Margherita De Bac per il “Corriere della Sera”
Un'unica iniezione contro il Sars-CoV-2, le sue varianti più contagiose e l'influenza. «Stiamo lavorando su vaccini polivalenti», guarda lontano Andrea Carfì, capo della ricerca per le malattie infettive dell'americana Moderna, la multinazionale specializzata nella tecnologia dell'Rna messaggero. La prima creatura è stato l'anti-Covid autorizzato negli Stati Uniti a fine dicembre, uno dei quattro «antidoti» distribuiti attualmente in Italia.
Quali delle varianti finora sequenziate mettono alla corda il vostro vaccino?
«Preoccupa quella identificata per la prima volta in Sudafrica (B.1.351). Si è visto in studi di laboratorio che il nostro preparato risponde cinque-sei volte meno rispetto a quanto non faccia contro il virus originale, il Wuhan, o la variante identificata inizialmente in Inghilterra (B.1.17).
Stiamo sperimentando sull'uomo due nuove versioni del vaccino: la prima contiene la sequenza della variante del Sudafrica, la seconda è la combinazione di una sequenza genetica del virus mutato e dell'originale. Si punta a trovare formule multivalenti come per l'antinfluenzale. Una dose contro quattro virus».
Con le tecnologie tradizionali sarebbe stato possibile?
«Non così velocemente. Per queste versioni modificate siamo riusciti ad avviare i test clinici ad appena 30-35 giorni dall'analisi dei dati che dimostravano quanto il virus identificato in Sudafrica fosse capace di diminuire di almeno cinque volte gli anticorpi neutralizzanti. Insomma ci teniamo pronti».
La variante indiana è minacciosa?
«Lo sapremo la prossima settimana dopo aver raccolto i dati. Noi monitoriamo costantemente e tentiamo di capire in base ai cambiamenti di piccole parti del virus le versioni più pericolose che subito vengono testate in laboratorio. La variante indiana preoccupa un po' perché combina due mutazioni già viste in altre varianti».
Moderna ha annunciato investimenti per tre miliardi di dosi nel 2022. In vista del richiamo annuale?
«Vorrei far notare, da italiano, che gran parte degli investimenti sono per l'Europa. Si è visto che anche nei vaccinati con una doppia dose gli anticorpi neutralizzanti diminuiscono pur restando presenti sei mesi dopo. In più si affacciano varianti in grado di spuntare le armi degli anticorpi. Quindi è reale la prospettiva di una terza dose di richiamo per il prossimo anno e anche per i successivi».
I ricercatori avevano previsto che le difese degli anticorpi con il passare dei mesi sarebbero scadute?
«Non è una novità. Succede anche con altri vaccini, come l'anti-influenzale. Altri studi clinici sono in corso. Stiamo per esempio valutando dosaggi più bassi. Anziché 100 microgrammi a inoculazione, come è adesso, si potrebbe scendere a 50 o 20 microgrammi se saranno sufficienti per dare una risposta immunitaria paragonabile a quelle attualmente utilizzate».
Terza dose per vaccinati e guariti?
«Sì.
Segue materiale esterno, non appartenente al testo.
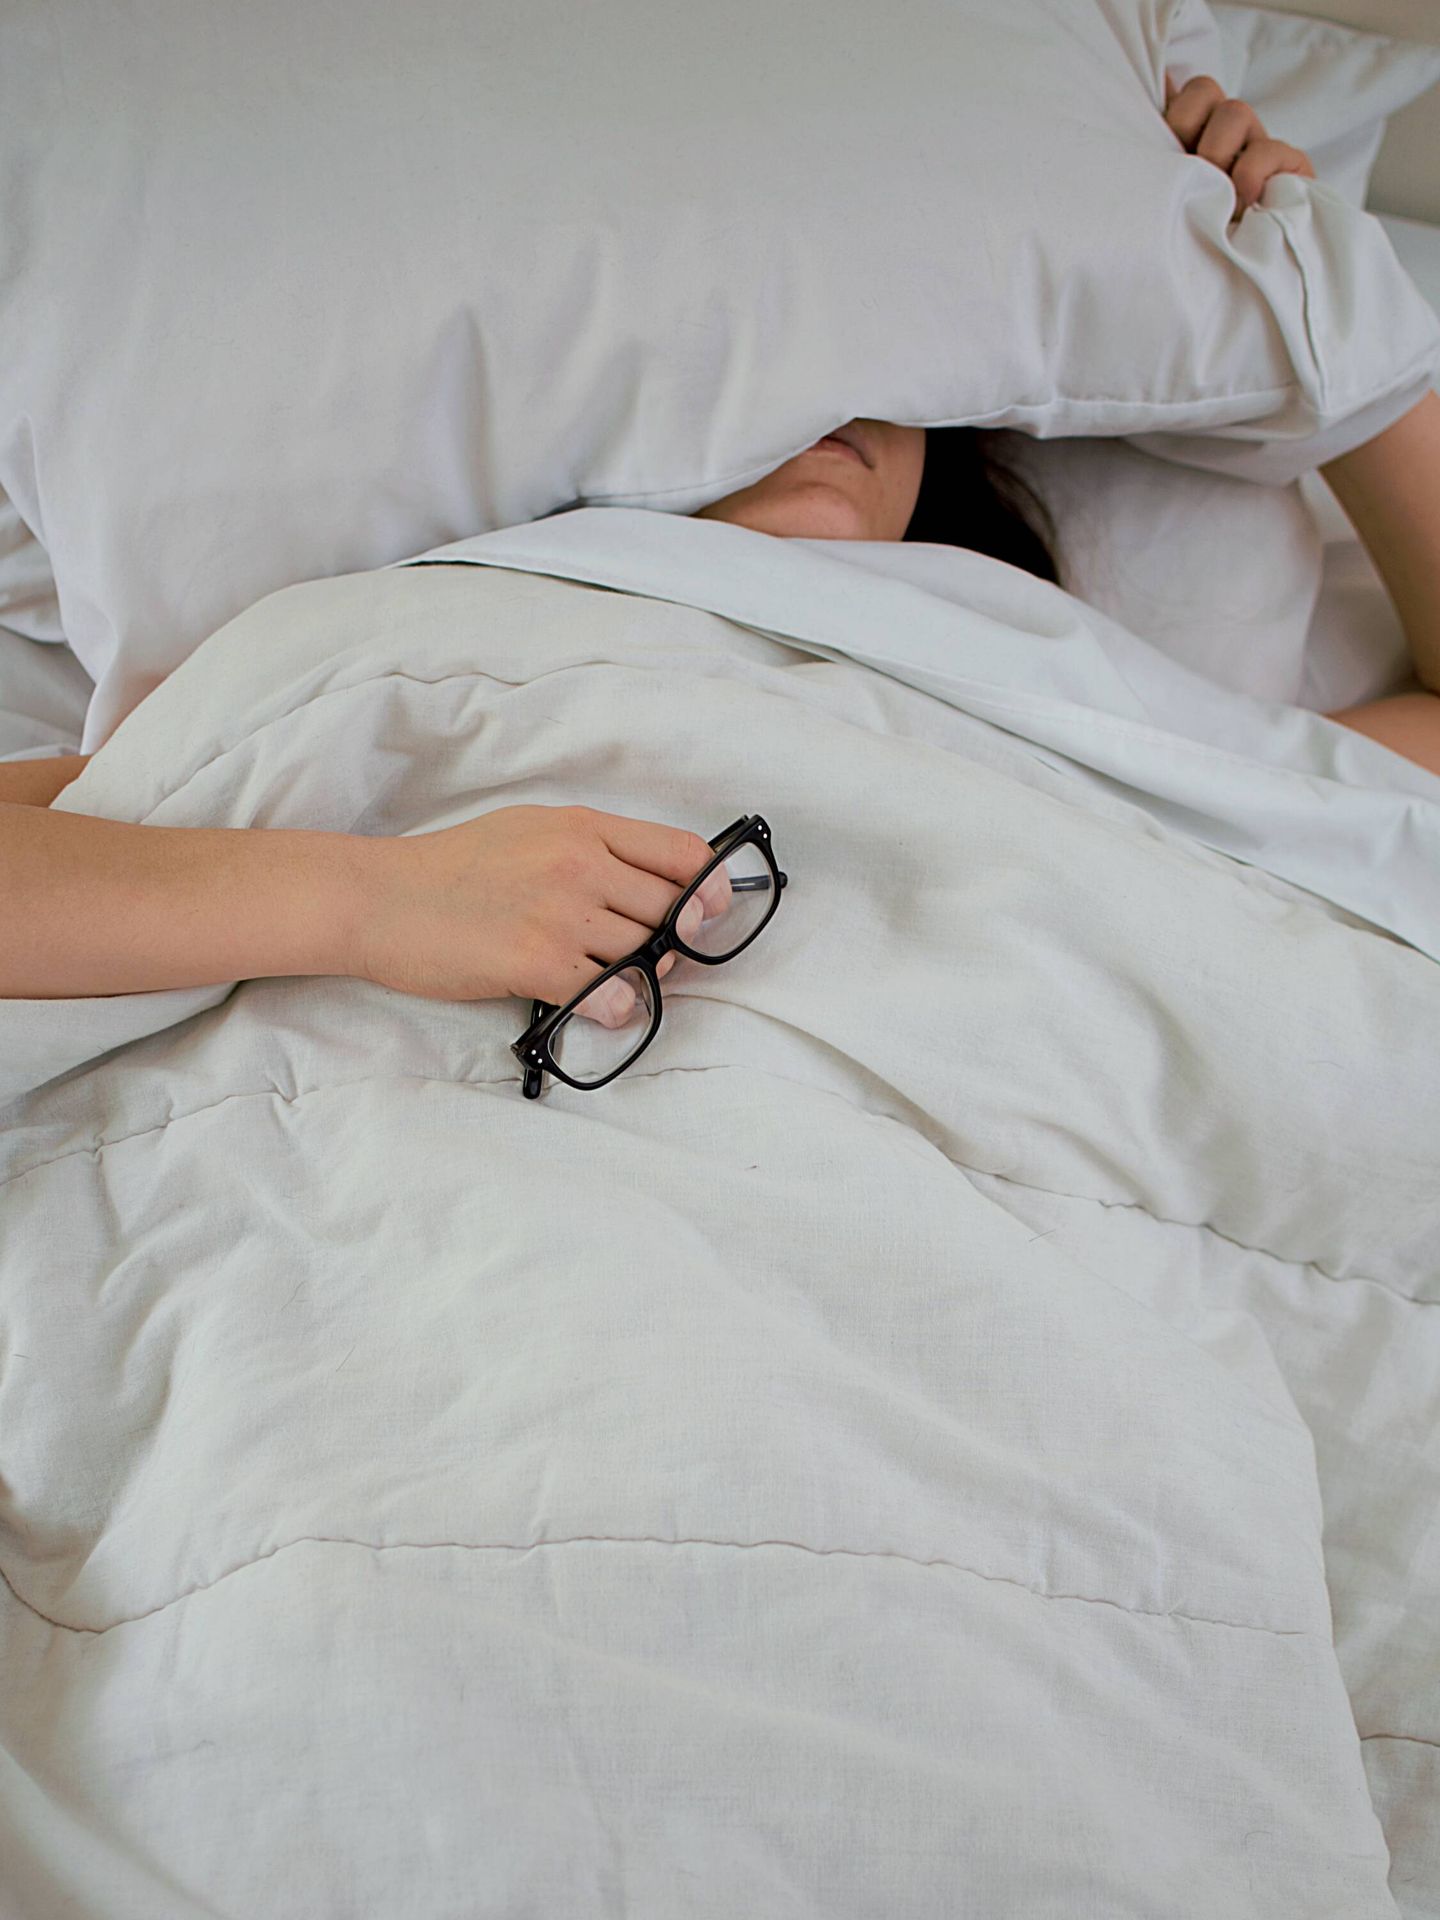 Trucos para dormir las horas que debes cuando tienes ansiedad. (Unsplash/Isabella Fischer)

L'obiettivo è riportare i valori degli anticorpi ai livelli ottenuti dopo essere stati vaccinati al completo o aver avuto l'infezione».
Dopo la doppia dose di AstraZeneca si potrà ricevere il richiamo di Moderna?
«È a questo che puntiamo ma bisogna raccogliere altri dati per dimostrare la validità e la sicurezza di vaccinazioni miste».
A quando un vaccino pediatrico?
«È stato completato l'arruolamento dei volontari per partire con i test su 12-18enni.
Speriamo di avere l'autorizzazione dall'Agenzia americana dei medicinali entro l'estate e di rendere disponibili le fiale prima dell'autunno. A metà marzo è partito lo studio su 6.500 bambini tra sei mesi e undici anni. Contiamo di essere pronti nel 2022».